Heart researcher questions safety of daily aspirin, ACE-inhibitor mix
March 10, 1999
NEW ORLEANS (CNN) -- A cardiologist from the Cleveland Clinic Foundation reported that millions of Americans who take both aspirin and a popular blood pressure drug each day may be at a greater risk of suffering a heart attack than previously believed.
Dr. Eric Topol, a leading heart researcher, presented his findings at this week's American College of Cardiology meeting in New Orleans. His analysis indicated that when aspirin and an ACE-inhibitor drug are taken together, they may cancel each other out, rendering each drug ineffective.
Topol recommended that heart patients discuss the drugs' interactions with their doctors, and not make any sudden changes in their prescriptions without a physician's advice.
His findings come from examining medical records for thousands of heart patients in two separate studies.
Many doctors prescribe an aspirin-a-day for their heart patients. Many patients also take an ACE (angiotensin-converting enzyme) inhibitor, the most commonly-prescribed class of drugs for hypertension.
However for his own patients, such as disc jockey Michael Stanley who suffered a heart attack over the holidays, Topol now prescribes alternative medications.
Topol said, "We have two large trial databases where we've seen either a two-and-a-half or three-fold increase in the death rate for the aspirin and ACE-inhibitor combination."
Topol and his colleagues first examined the largest study ever of heart attack patients, the GUSTO Study of 18,307 heart patients. Topol's team calculated a two-and-a-half-fold increase in heart deaths for patients on both aspirin and ACE inhibitors.
"We said, well, this might be a fluke, we need to look at another trial database to verify this very worrisome finding and we did that," he added.
Topol's team then looked at 1,222 patients in the EPILOG Angioplasty Study and found a three-fold increase in deaths for patients who took the two-drug combination.
University of Michigan cardiologist Bertram Pitt said this is not the time to pull patients off the two drugs. "We don't have any clear evidence there is a bad effect. There is conflicting data and I think patients should rely on the best advice of their doctors," he said.
Dr. Eliav Barr, director of clinical research at Merck Research Laboratories, said the studies done to date have been inconclusive. Merck makes Vasotec, the top-selling ACE inhibitor.

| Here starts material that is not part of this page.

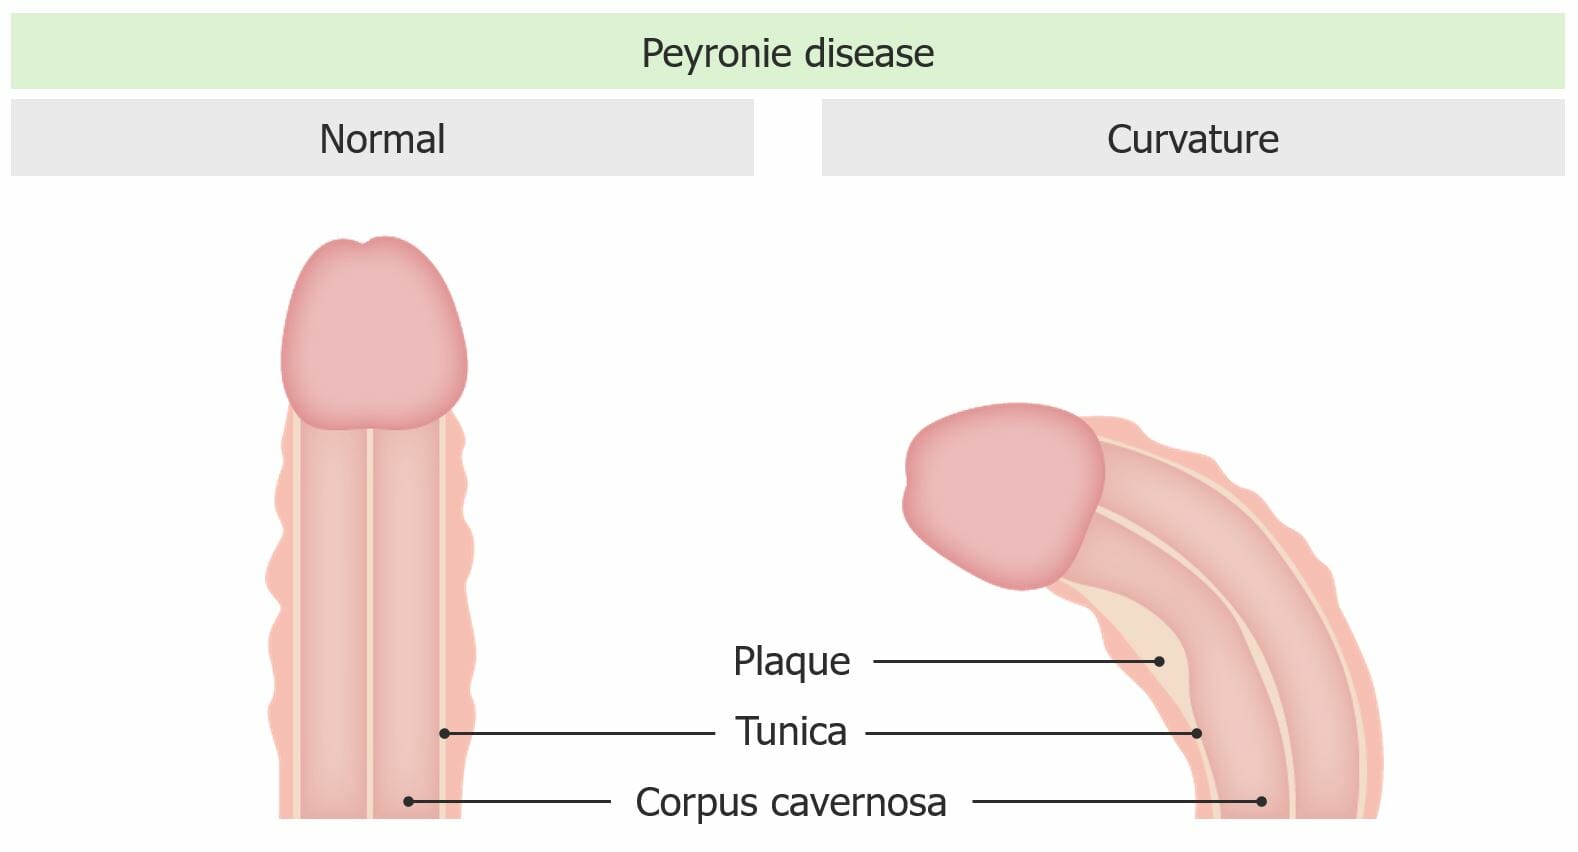 Peyronie disease

And from the U.S. Food and Drug Administration, the agency charged with approving and monitoring the safety of prescription drugs in the U.S., the only comment recently was a call for further study.
However, an expert on ACE inhibitors with the FDA told CNN: "There has been a lot of informed speculation about the possibility that aspirin may reduce the efficiency of ACE inhibitors. We really do need a large-scale, properly randomized trial to resolve this issue."
CNN Medical Correspondent Rhonda Rowland contributed to this report.